Despite the approval in 1977 to begin the establishment of branch Libraries, it was not until August 1982 that the first branch, at Hillcrest was opened. The converted house quickly became too small for the purpose and the Hillcrest branch was relocated to its present Masters Ave site in 1997.
The second and third branches to be built followed quickly, Chartwell opening 10 September 1984 and the only one purpose built as a Library, opened in Dinsdale on 17 August 1985.
Glenview was opened on 8 Nov 1989 and was expanded in July 1992.
The most recent branch, a replacement for the Frankton Library, was St Andrews, which opened on 23 Feb 1990.
A Mobile Library service was implemented in 1975 but was deemed too costly to run and was decommissioned in December 1996.
The Central Library continued in the William Paul Hall until the present building, formerly Arthur Barnett/DIC on Garden Place became available. The former department store opened as the Central Library on 20 March 1993. Earthquake strengthening work forced the Central Library to close to the public in November 2016 and the Central Library reopened to the public on 9 July 2018.
In March 2019, as part of the Boon Hamilton Street Art Festival, the Central Library was given a refreshing update by artist Christie Wright.
The Libraries were again closed to the public in March & April 2020 due to the COVID-19 Pandemic.
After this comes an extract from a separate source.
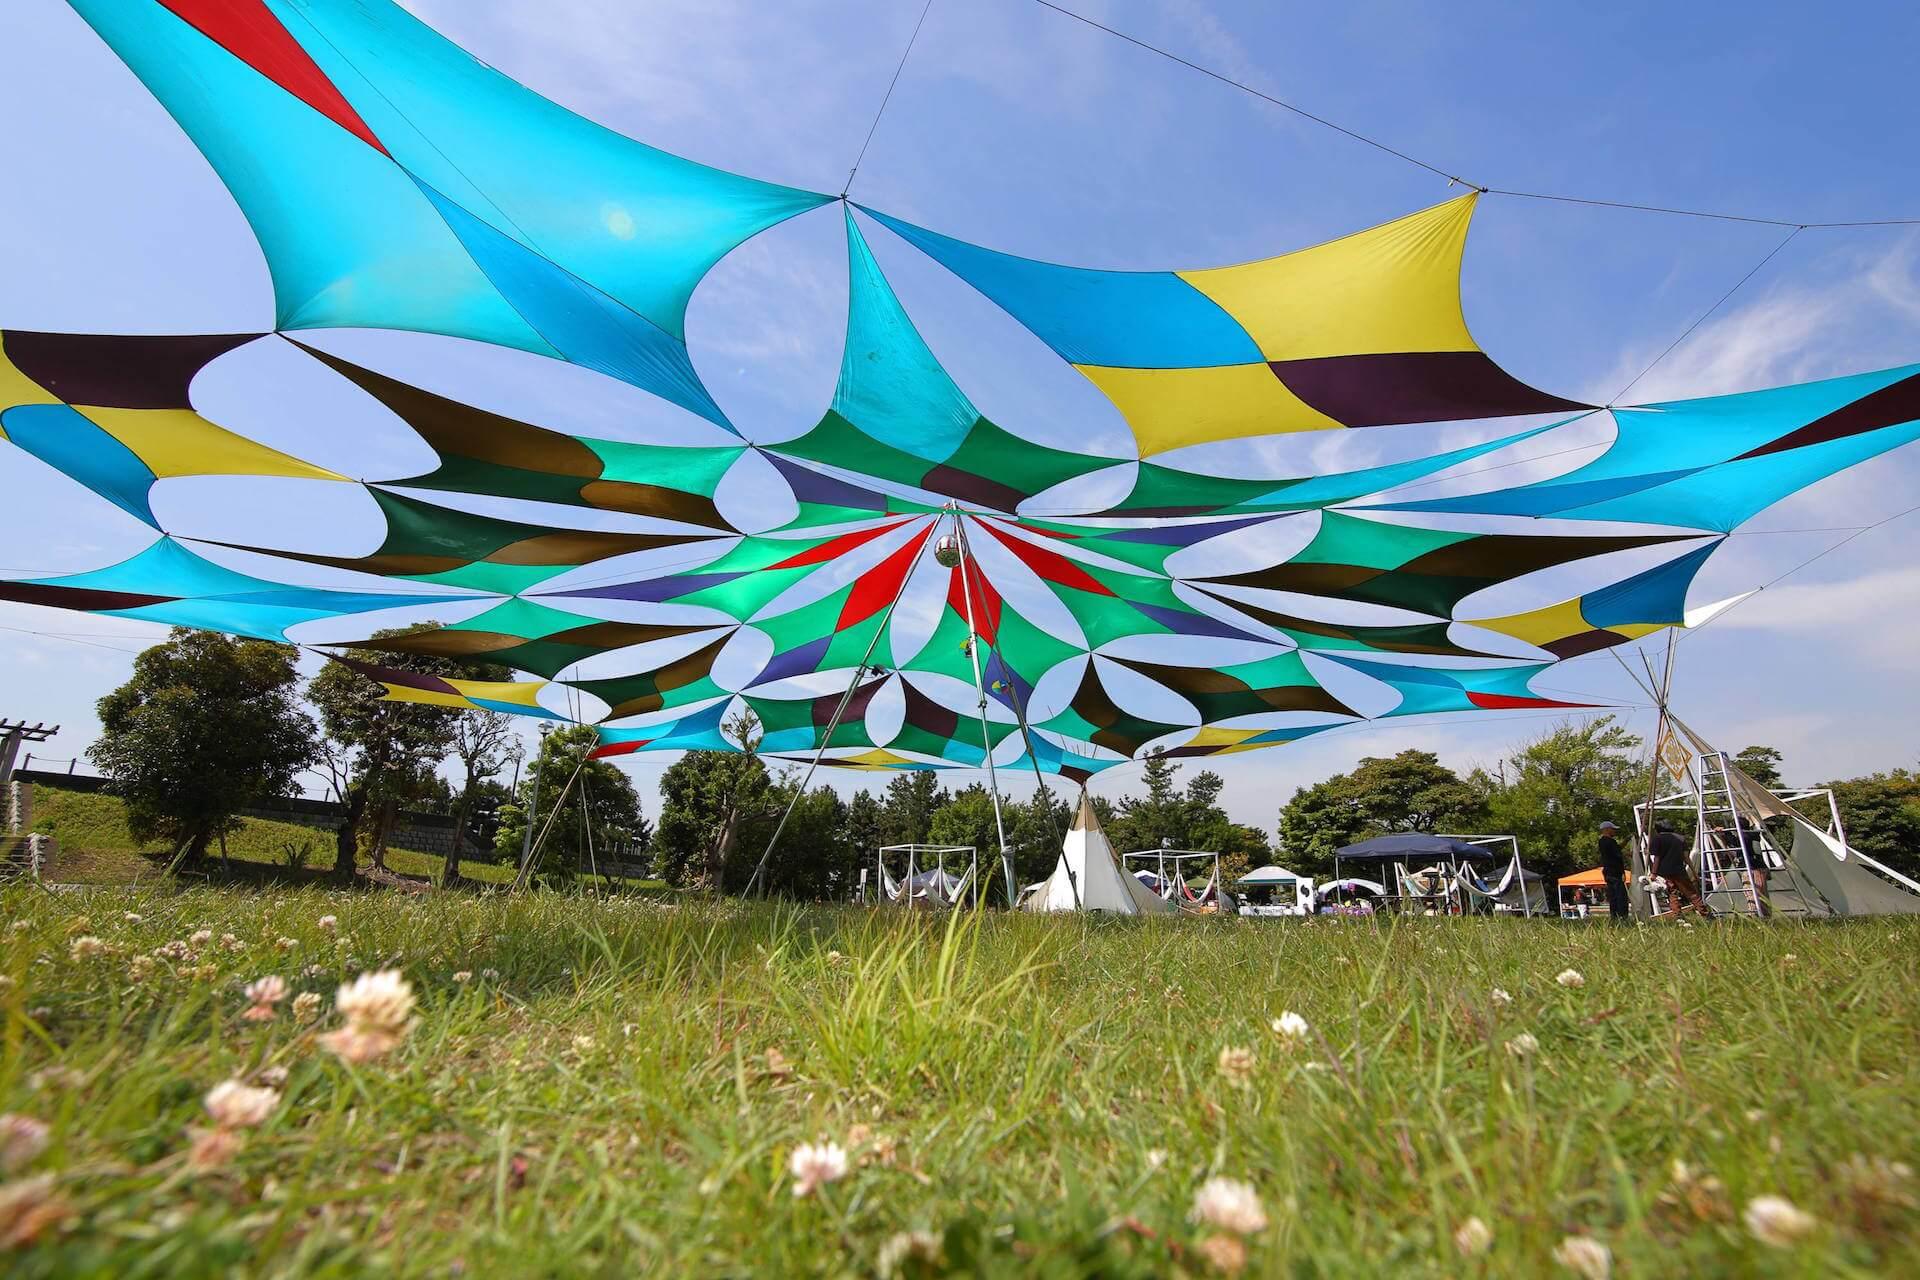 10月開催の<Brightness Open Air 2021 Autumn>第1弾ラインナップが発表!KEN ISHII、REE.K、HIROSHI WATANABE a.k.a KAITOら20組超え music210805_brightness-open-air_1

Reopening was undertaken in stages, with a contactless Click & Collect service offered until restrictions on public facilities were lifted in June 2020.
Hamilton Central Library, Garden Place, c.2018
For a more detailed history of the Hamilton City Libraries, Hamilton Public Library A Brief History by J.B. Ringer and Hamilton City Libraries 1980-2009 by Jeff Downs are both available on Level 3 of Central Library in the Heritage Collection.
Ringer, J. B. (1980) Hamilton Public Library A Brief History. Hamilton, New Zealand: Hamilton Public Library.
Downs, J. (2009) Hamilton City Libraries 1980-2009 A Brief History. Hamilton, New Zealand: Hamilton City Libraries.